Respectable, middle-aged property-owning jurors in
three-piece suits disappeared to make way for slumped,
unemployed teenagers in shell suits.
The judges stopped being gnarled, disillusioned veterans of
the criminal courts and made way for Sixties idealists who think
criminals need help.
The law became a favourite profession for people whose views
were so wildly Leftwing that they could never win an election,
but who wanted political power anyway.
It was a clever move. At least until the Blair victory in
1997, elite liberal lawyers and judges, radical Home Office
civil servants progressive’ prison governors and Left-wing
police chiefs were the most powerful radicals in the country.
Piece by piece, they took control of the law so that it
defied common sense and instead served their crackpot,
guilt-driven ideas of social justice.
Martin had to be punished severely because he had tried to
impose the old conservative law, which has now been abolished.
Anyone who was thinking of doing the same thing had to be warned
that on this, at least, the law would come down hard.
There was something very symbolic about the way Martin, once
convicted, was then seen being led away handcuffed to a female
guard, about as politically correct a message as you could send.
Was it perhaps deliberate?
And it was only when he claimed to have been sexually abused
as a child, the standard liberal excuse for all kinds of
misdeeds, that his conviction was reduced from murder to
manslaughter.
Interestingly, police officers who shoot suspects rashly or
by mistake tend to get let off. It wasn’t because he had killed
someone that Martin was being punished, but because he had
challenged the new liberal monopoly of force.

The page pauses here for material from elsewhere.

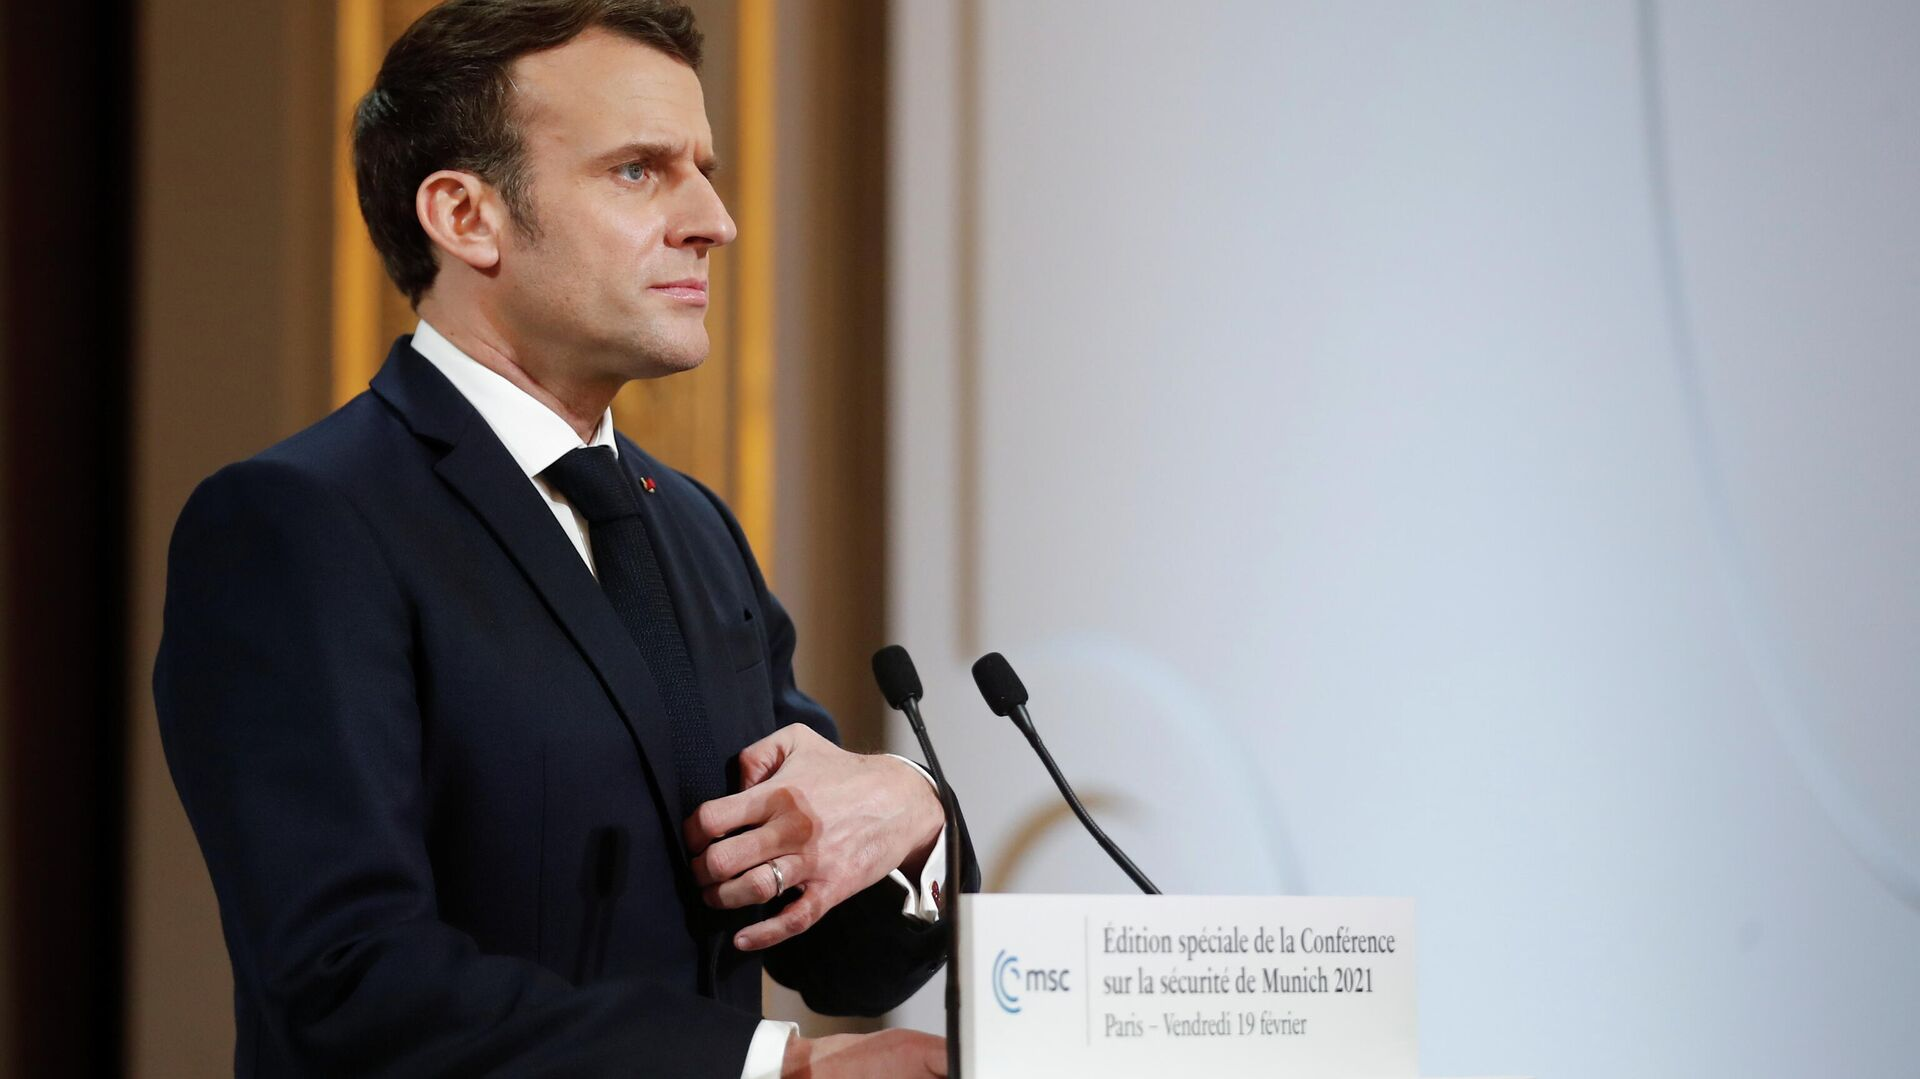 Emmanuel Macron, presidente de Francia - Sputnik Mundo, 1920, 20.07.2021
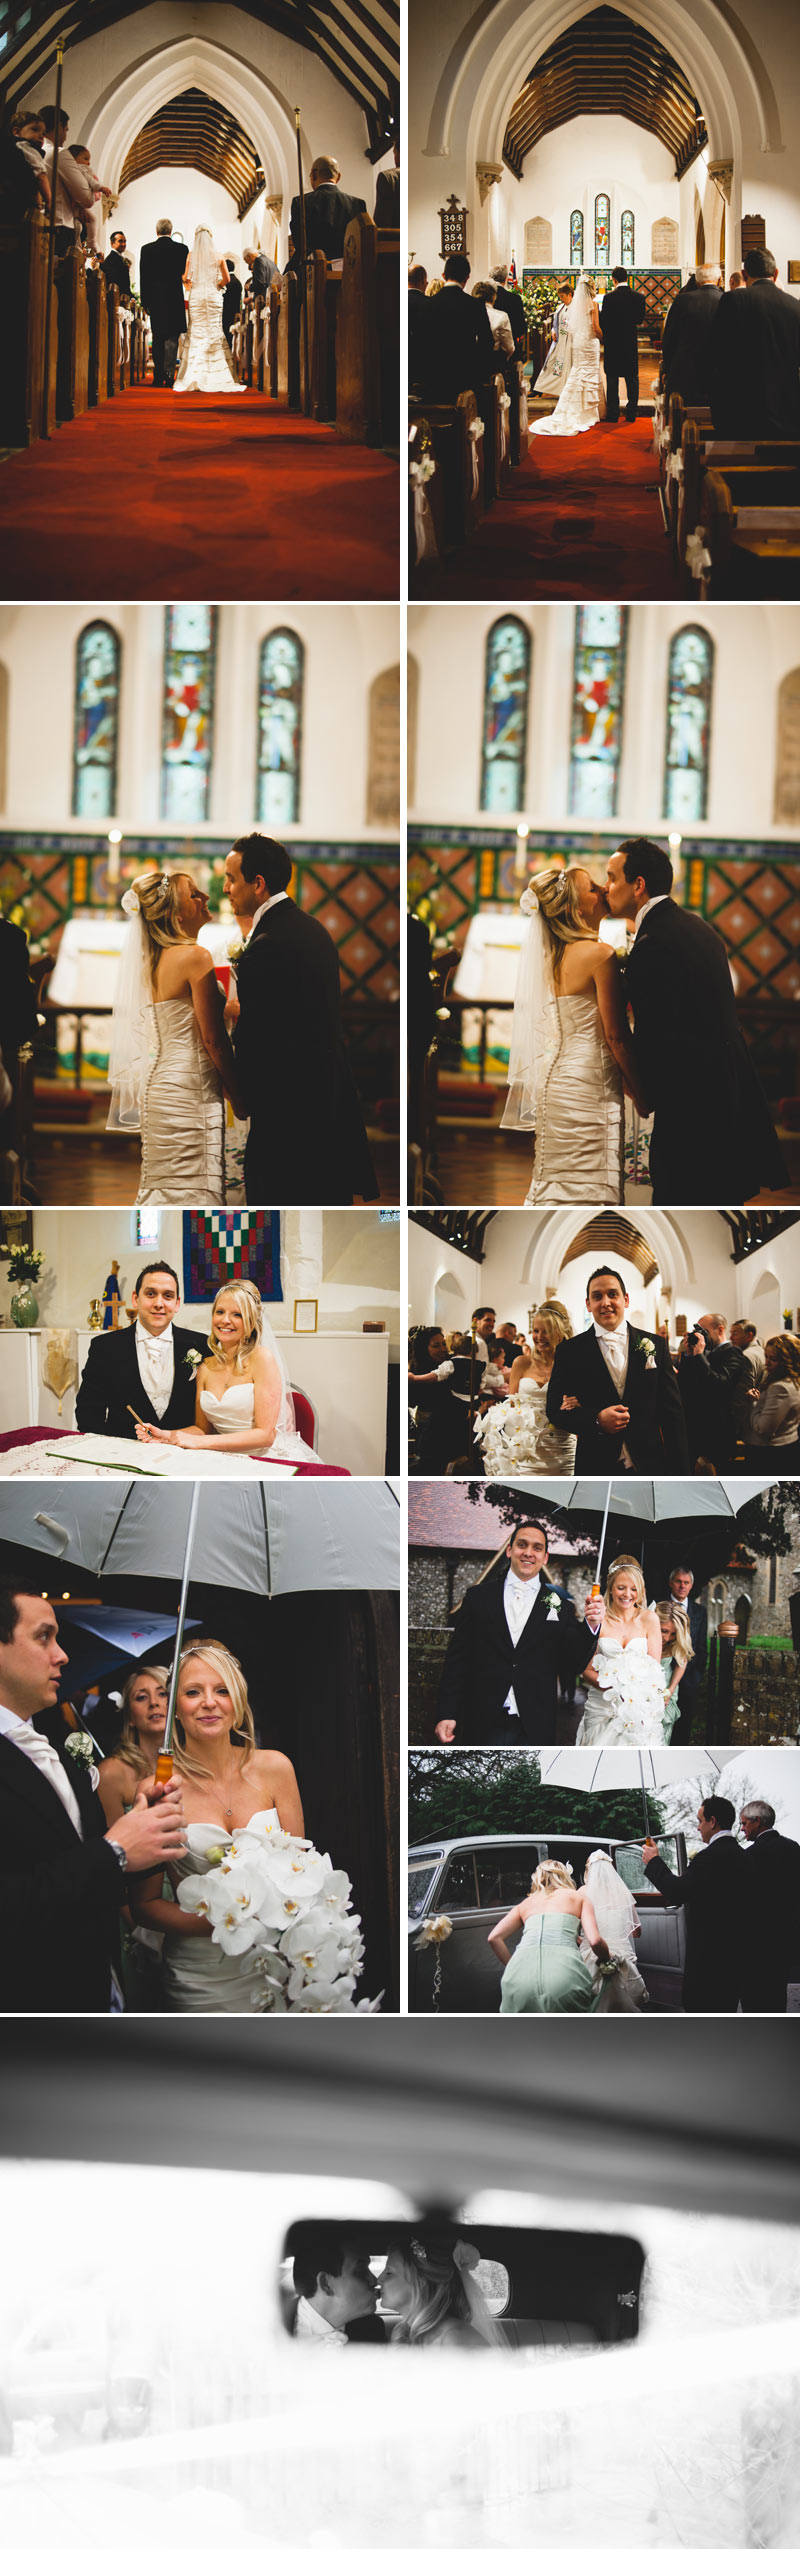 The Barnyard - Upchurch wedding photography

All that would be bad enough.
But what makes it unbearable, and what brought it to boiling
point for Martin, is that the police have vanished at the same
time.
As police have been withdrawn from foot patrol, police
houses and stations in the countryside have been shut down in
great numbers.
The combination of weak law and absent constables has hit
isolated country dwellers first.
They know that if they call for help, none will come in
time, whereas the rest of us just suspect that this is so. Rural
people and those who rob them have realised as the rest of the
country is just beginning to do that we are now halfway back to
the Dark Ages.
The ridiculous temporary police station now sitting next to
Martin’s farm does nothing to overcome this since it will sooner
or later have to be dismantled, and then where will Martin be?
And it is because Martin is a rather batty and
quick-tempered eccentric that he has been the first property
holder to discover the real nature of the new law. A more
normal, reasonable person would have submitted, or moved away,
or simply got rid of any valuable property so he had nothing to
steal.
Many of us already adapt and change our lives in this
defeatist way. Lots of police forces will give you a printed
label to say that there is nothing valuable in your car, for
instance.
But as we make these little surrenders, we know in our
hearts that we are running away from a foe we really ought to
confront, and leaving our children a legacy of lawlessness and
chaos.
It may be wise to give in, but it is also shameful. And that
is why so many of us are pleased when we see someone fighting
back, however foolish it may be for him to do so.